The main problem seems to be that there's not too much there, it's just a
(a) between the page you are on and (b) the target of a link.
It's clearly missing, say, who tagged the page. However, the great thing
about RDF is you can just underspecify things.
What I'd like to do is to build a sort of "layer-cake" for tags, where at
the bottom somewhere is the very basic data between between a page, a
tagged relationship, and it's tagged data. This could easily be put in an
API/RDF/XML.
Then, we can look at common services and see what else they provide, like
identity of who tagged the page, time of tagging, language, etc. And then
add these in as "slots".
But first things first! Can we support the relationship of a tag as
between "one URI" and "another URI".
Since in SemWeb world "one URI" could mean a person, then this mechanism
wouldn't necessarily exclude the idea of "people tagging pages" which I
think is much more intuitive than rel-tag's idea of "pages tagging pages".
Then we can move up to deal with more complex cases like xFolk, Annotea
annotations, and the many issues Tom brought up in his folksonomy paper.
On Wed, 7 Mar 2007, Tom Gruber wrote:
> In regards to the conversation among Nitin and Richard and Marja about the
> difference between database-level specifications and ontologies:
>
> An analogy might help. Ontologies are to database schemas as database
> logical designs are to physical designs (denormalization, precision choices,
> etc). In other words, ontologies are an abstraction away from the details
> toward the conceptual.
>
> Both ontologies and database modeling are formal with Standard languages and
> open source tools. Both are amenable to modeling methodologies and formal
> languages. Any model describable at the database level can be described at
> the ontology level, so there is no loss of power from specifying at the
> ontological level. For example, if you want to model the world in terms of
> a traditional Model Driven Architecture (MDA) and UML, you can easily do it
> because UML is expressively simpler than the languages used for ontology
> definitions.
> http://www.sfu.ca/~dgasevic/Tutorials/ISWC2005/
>
> But why bother with the ontology level?
>
> The point of going more abstract is exactly because you don't want to have
> to drink someone else's koolaid or store your data in someone else's format.

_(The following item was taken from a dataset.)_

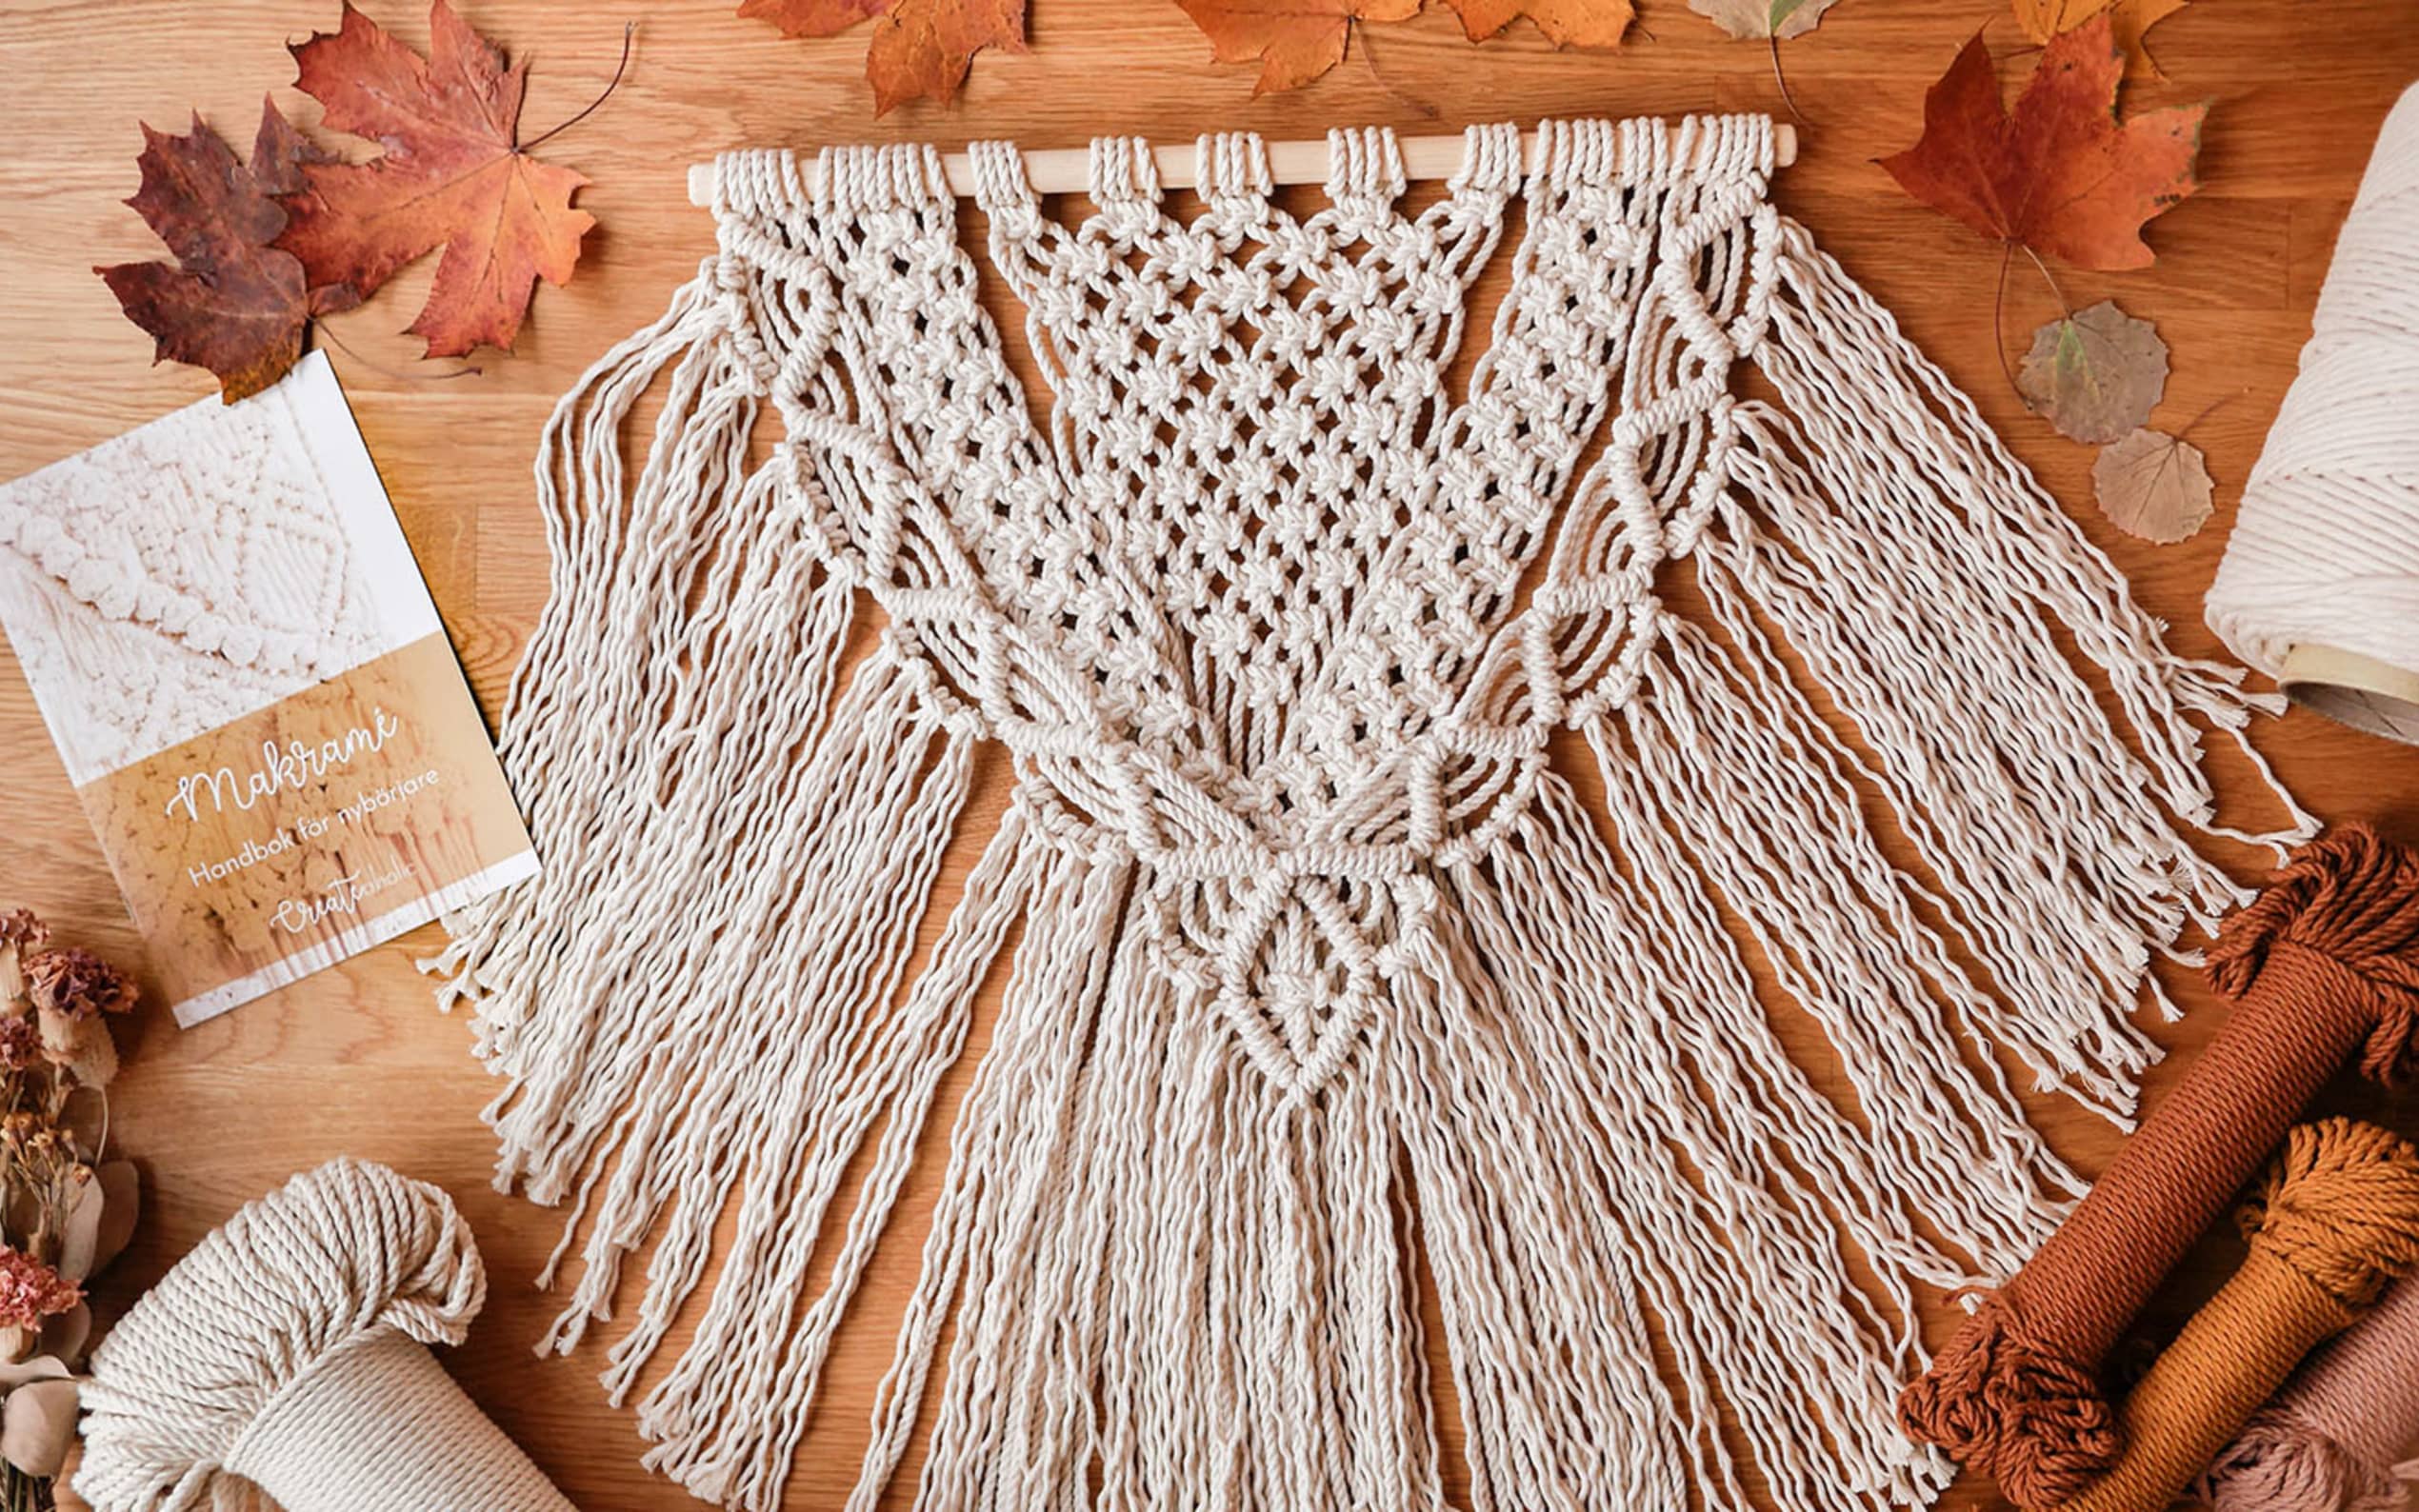 Make your own macramé wall hanging

> (Committing to an ontology definitely does NOT require that data ever be
> *stored* in RDF tuples -- just as buying in to SQL doesn't require that you
> use a particular table management technique.)
>
> By describing data in a common ontology, one is not agreeing to share a
> common data model but rather to have a common language with which to capture
> commonalities and differences among data sources. For instance, at Tag Camp
> there was talk about having tags point to tags. Why not, it's
> computationally easy to do this and you can use the tag-to-tag relation all
> kinds of ways (clustering, synonymy, etc). But just saying that it that
> relation is many-to-many does not tell you what it means in a way that can
> say whether the tag-to-tag tuples are comparable across any two systems.
> That is because just describing the syntactic data integrity constraints
> does not tell you enough about the semantic commitment behind using that
> relation. On the other hand, you could agree that there are a few ways to
> talk about tag-to-tag relationships, such as an explicit relationship among
> tag labels such as "isSameTagLabel". Then you explicitly say that in system
> A, isSameTagLabel is case and space sensitive string matching, and in system
> B it is culture-specific, case insensitive, phase canonicalizing matching.

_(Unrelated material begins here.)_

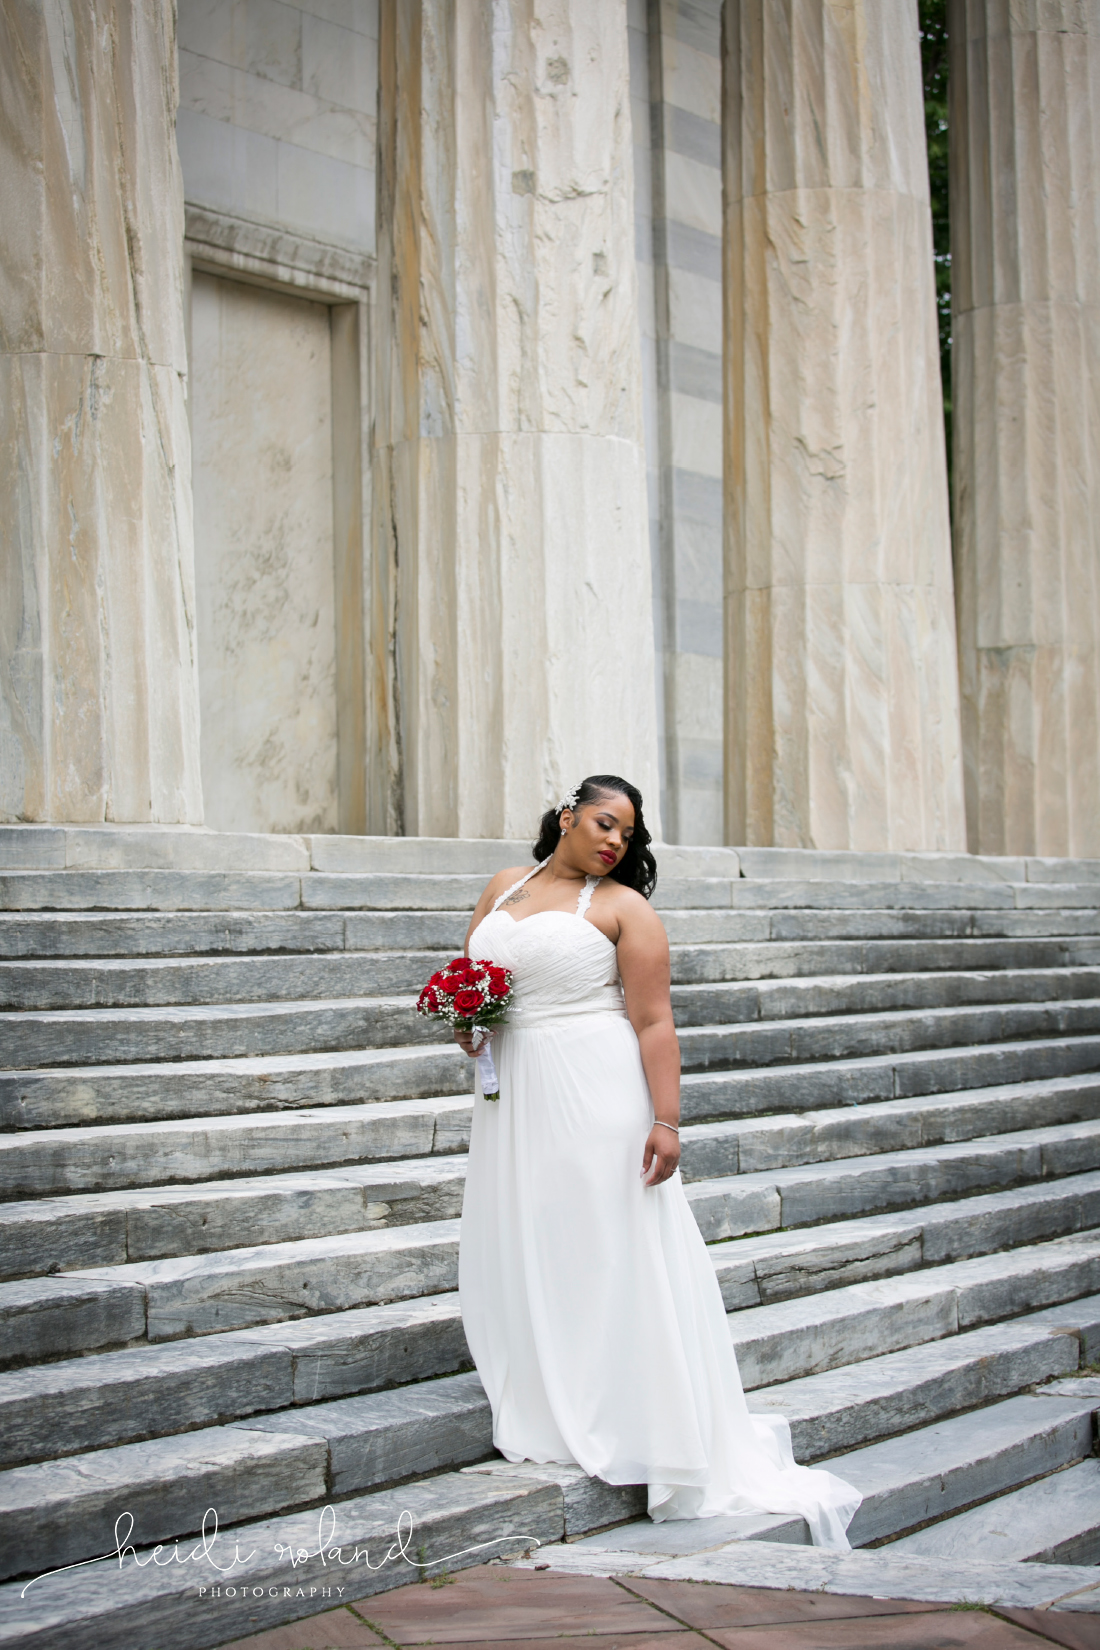 Bride glamour portraits in front of columns at Second National Bank

> Then, for instance, if you were comparing the frequency of tagging with some
> string on the two systems, you would know that a match in system A implies a
> match in system B, but not vice versa. Or you could have a simple identity
> matcher that knows how to transform queries or results when talking to
> system A, so it would be consistent with system B.
>
> <soapbox>
> Folks, this is not a new thing, and the tags problem is really quite a
> trivial case that we ought to be able to come to some agreement on.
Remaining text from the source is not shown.